Researchers have found that some people who have COVID-19 do not have any symptoms (they are asymptomatic) but are able to spread the virus without knowing it. When a face covering is worn by someone who is infected with the virus that causes COVID-19, it can help prevent the spread of infection to others by preventing droplets from breathing, coughing, sneezing, and singing from entering the air breathed by others. 

Why is it important to wear face coverings now when it wasn’t encouraged before?

In the early stages of the COVID-19 pandemic, the public was asked to avoid wearing medical-grade masks. Medical grade masks, like surgical masks and N95 masks, are necessary pieces of personal protective equipment (PPE) for healthcare workers and should be preserved for that use—to ensure healthcare workers’ safety.
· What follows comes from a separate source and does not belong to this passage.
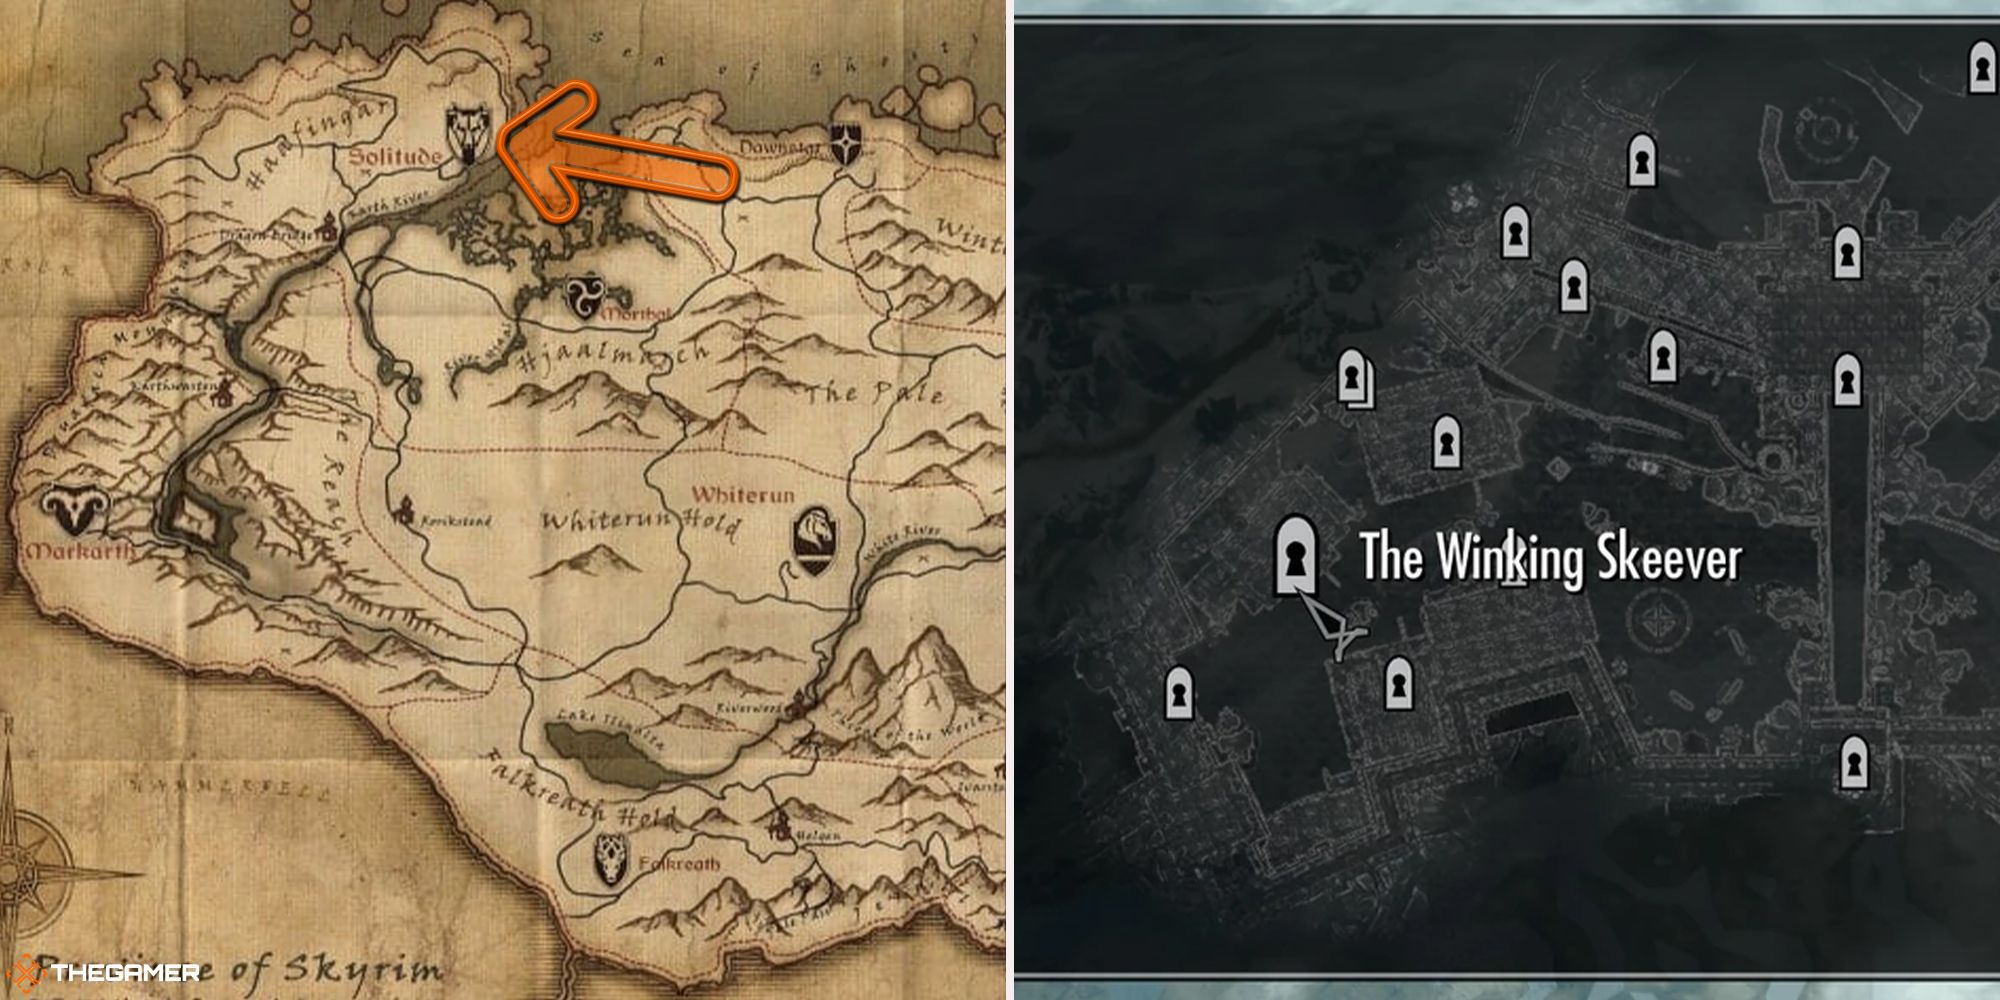 Skyrim - Belrand's location at the Winking Skeever on the map

The public was asked to avoid using these critical supplies.

More information is now available about how COVID-19 spreads, including that individuals who are asymptomatic can spread the virus. People are asked to wear cloth face coverings in public to avoid spreading the virus to others, because they may have the virus without knowing it. This is an important action we all can take to prevent a second wave of new COVID-19 infections and help businesses remain open during this phased approach to reopen Washington.

Does Everyone Have to Wear a Face Covering?

Vaccinated individuals can follow CDC guidance regarding face coverings. Some are not able to wear face masks for specific health-related reasons; this includes the following:

 It is encouraged to have children ages 3-5 wear a covering if possible. In no case should children under two years of age wear a face covering due to the risk of suffocation.

  • Any individual who has a physical disability that prevents easily wearing or removing a face covering
  • Any individual who is deaf and uses facial and mouth movements as part of communication or an individual who is communicating with a person who is deaf and uses facial and mouth movements as part of communication
  • Any individual who has been told by a medical professional that wearing a face covering may pose a health risk to that individual
  • Any individual who has trouble breathing, is unconscious or unable to remove the face covering without help
  • A face shield with a drape can be used by people with developmental, behavioral, or medical conditions that prevent them from wearing a face covering. Face shields may also be used by children in childcare, day camp, and K-12 settings.